Secondo alcuni studiosi, come Giuseppe PETRAI, autore de Lo spirito delle maschere, era la caricatura di quelle persone che imitavano i cavalieri siciliani "spagnoleggianti". Intorno alla metà del XVIII secolo, dopo che la Sicilia venne ceduta ai Savoia col trattato suddetto, molti nobili spagnoli siciliani, per non sottostare ai nuovi dominatori, migrarono verso le sponde del Regno di NAPOLI, approdando nella città di REGGIO DI CALABRIA, dall'altra parte dello Stretto.

Secondo alcune fonti letterarie, invece, risalirebbe al Seicento (se non addirittura alla metà del secolo precedente!), dicendola nata a NAPOLI. È del 1618, infatti, la notizia di un attore, tale Natale CONSALVO, che nella capitale del Regno lavorava nelle vesti di “Capitan Giangurgolo”. Fu Benedetto CROCE a sostenere che sia questa la prima volta che si faccia menzione di tale personaggio calcante le scene dei teatri.

Solo in un secondo momento alcuni testi documentano la sua presenza nella città calabrese dello Stretto.

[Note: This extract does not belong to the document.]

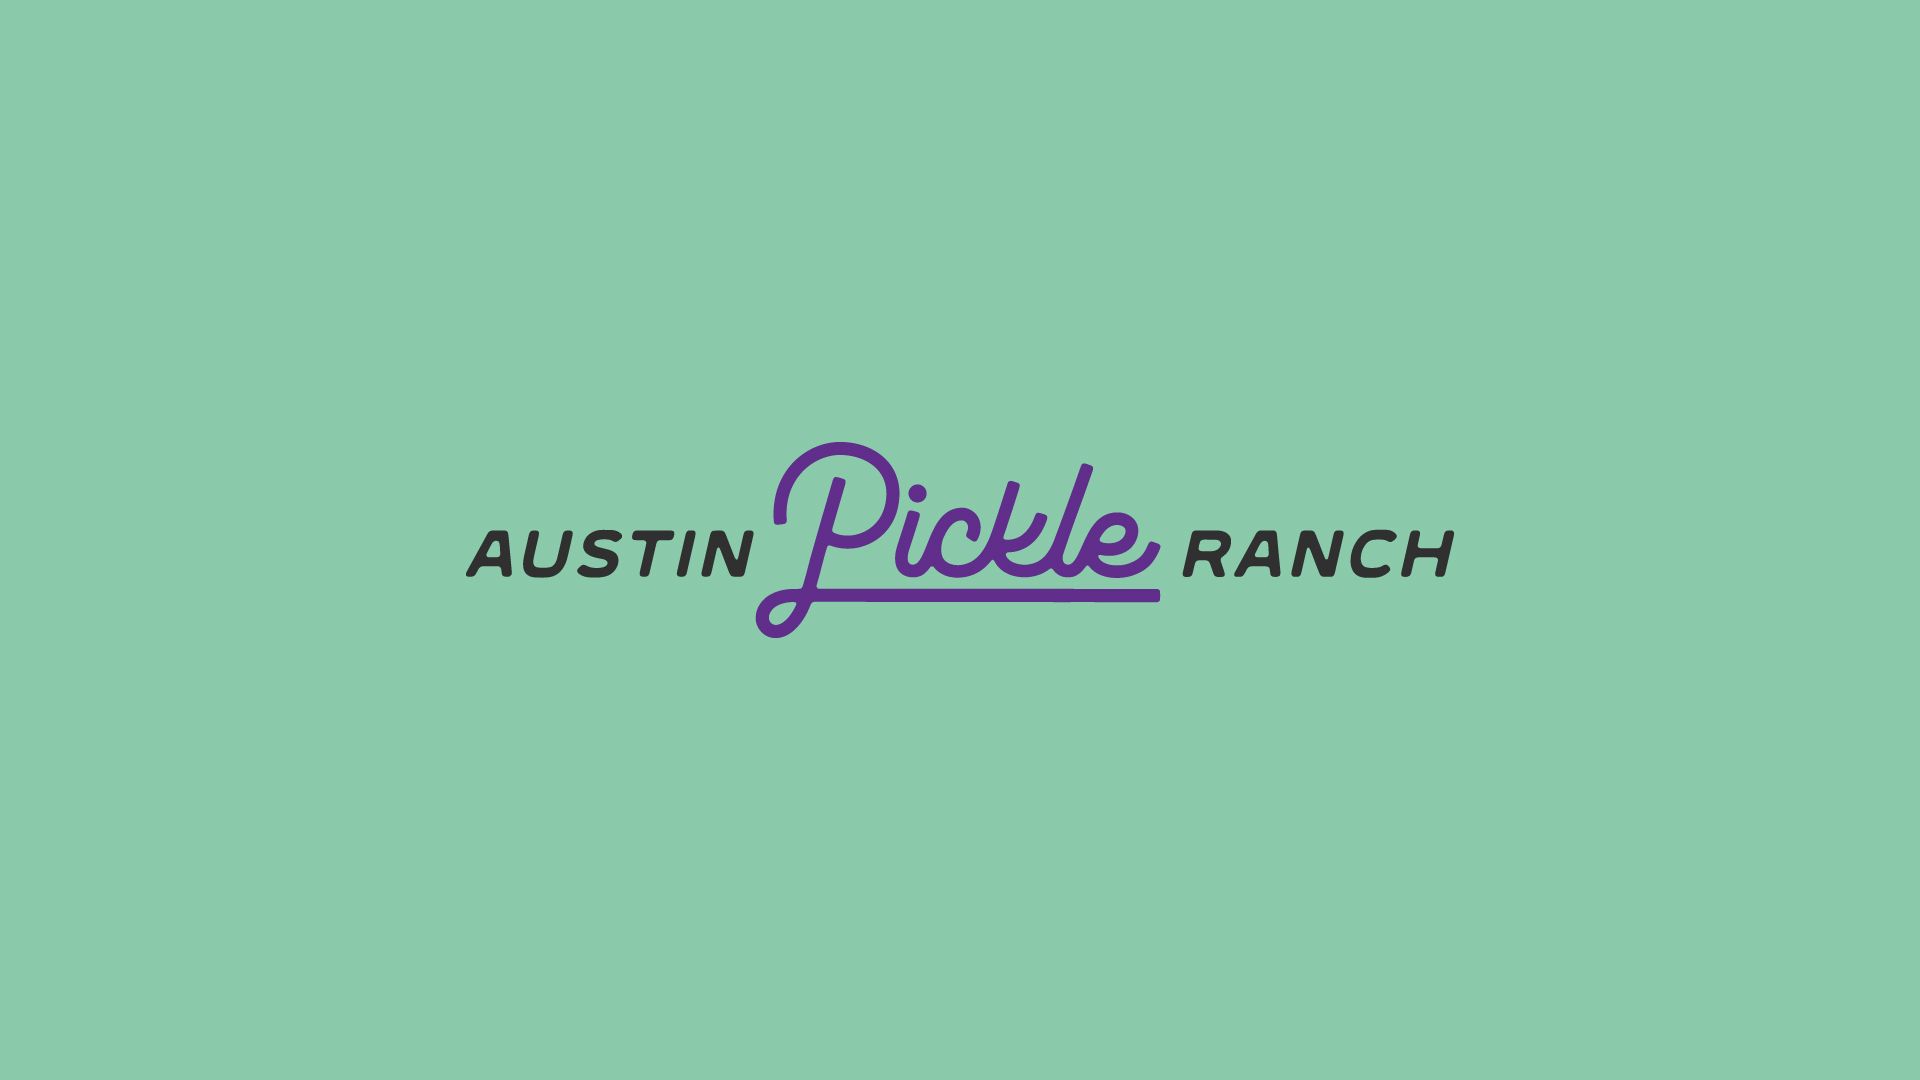 Austin Pickle Ranch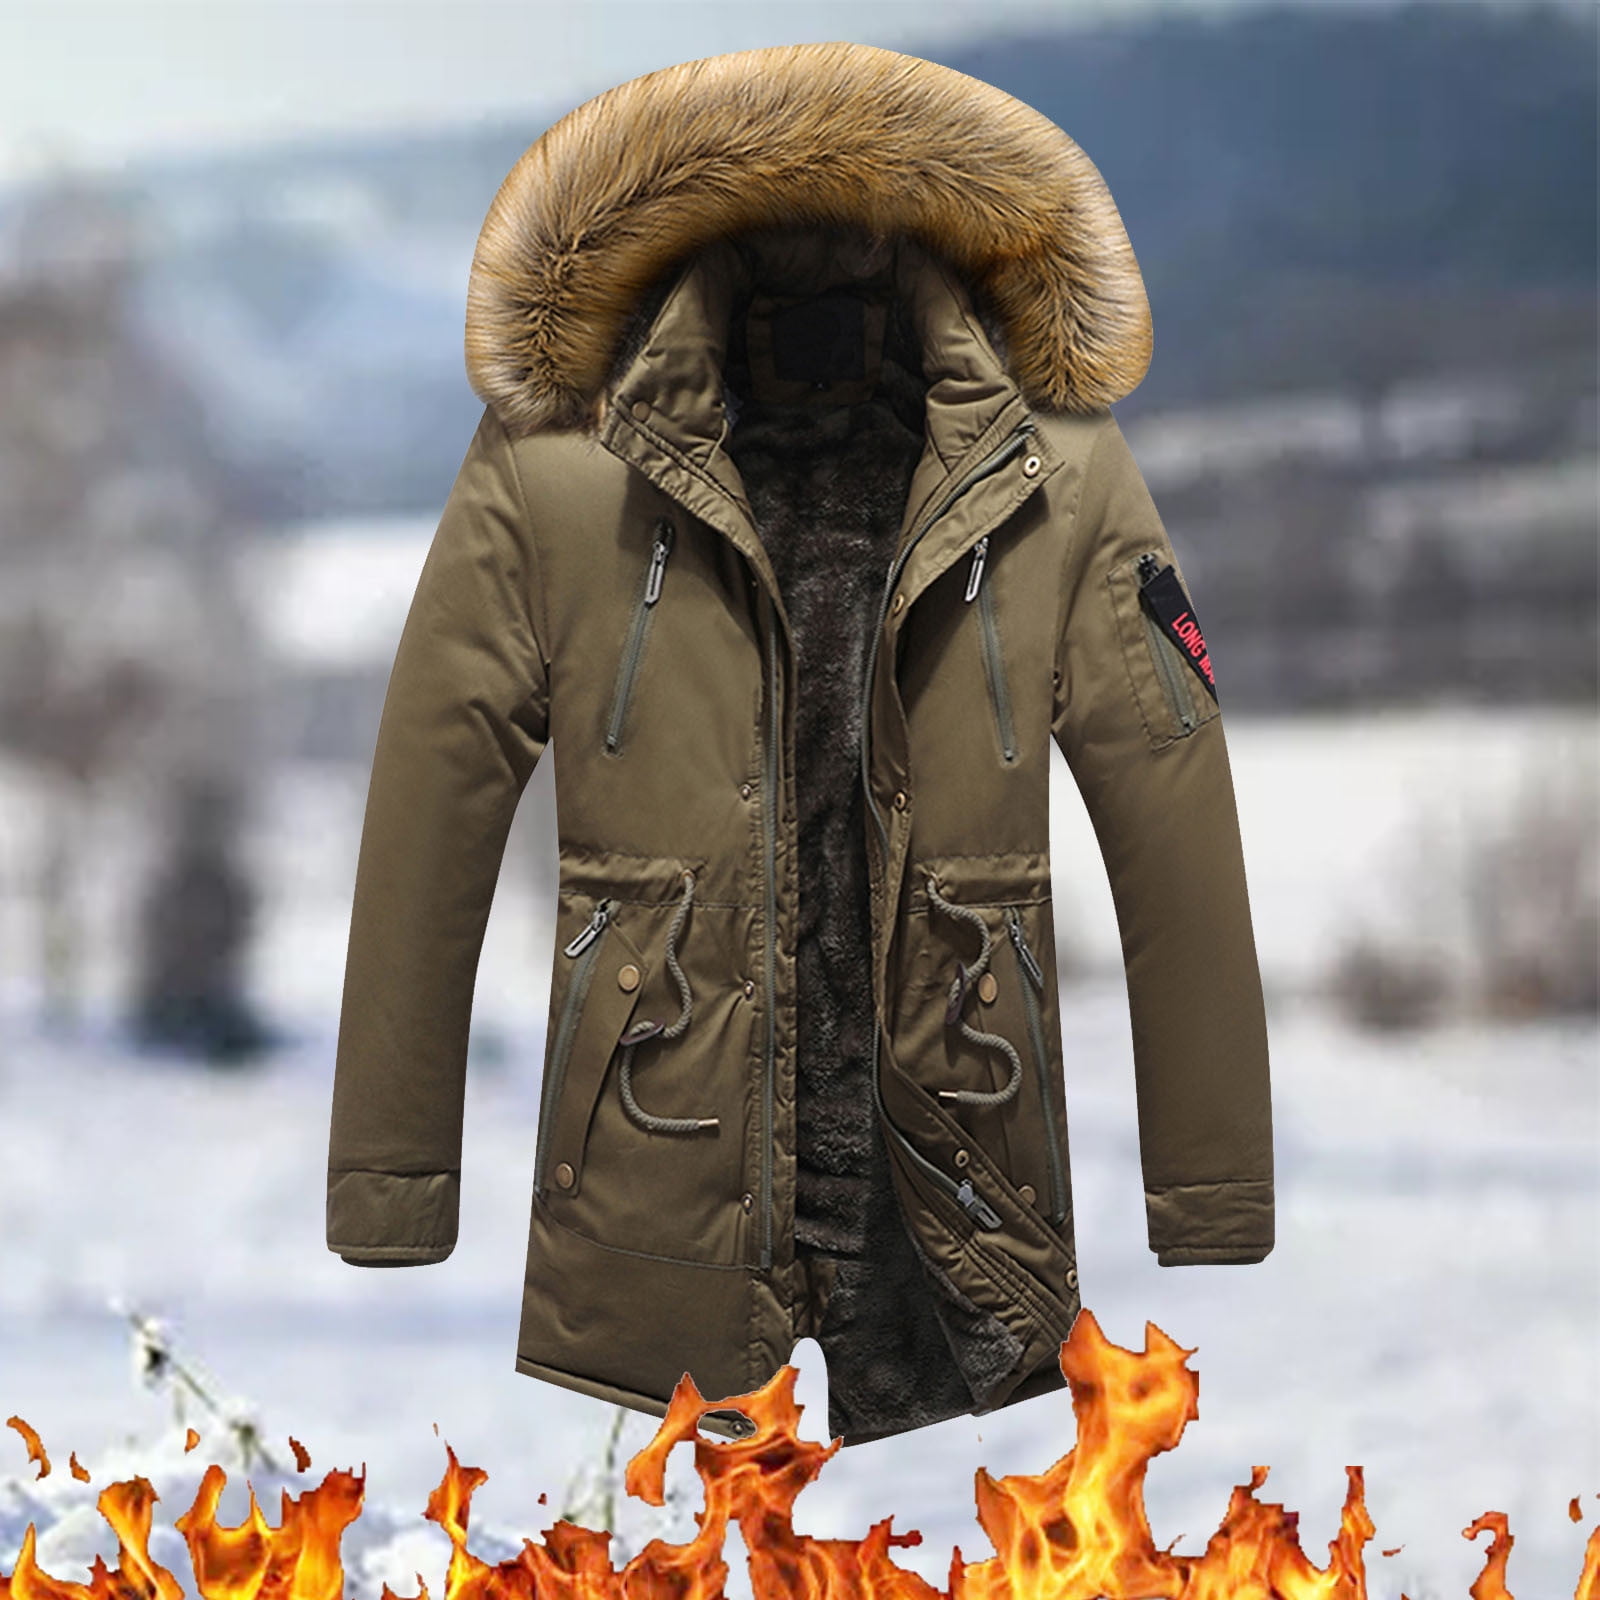 LEEy-world Warm Winter Coats For Men Men's Winter Coats Water Resistant  Snow Ski Jacket Lined Parka Pockets Army Green,XXL

Secondo tale congettura, la maschera fu importata in Calabria e utilizzata nell’ambito della satira locale per ridicolizzare quegli stupidi e inetti di blasonati siciliani decaduti di origine spagnola e vicini alla corona di Spagna che avevano compiuto la traversata, diventando, tale maschera, quella tradizionale della regione.

Da tale data questo personaggio si moltiplicò in tutta Italia e anche oltre, se addirittura lo troviamo nel 1668 a PARIGI, anche se nel ruolo di Zanni (per cui V. oltre).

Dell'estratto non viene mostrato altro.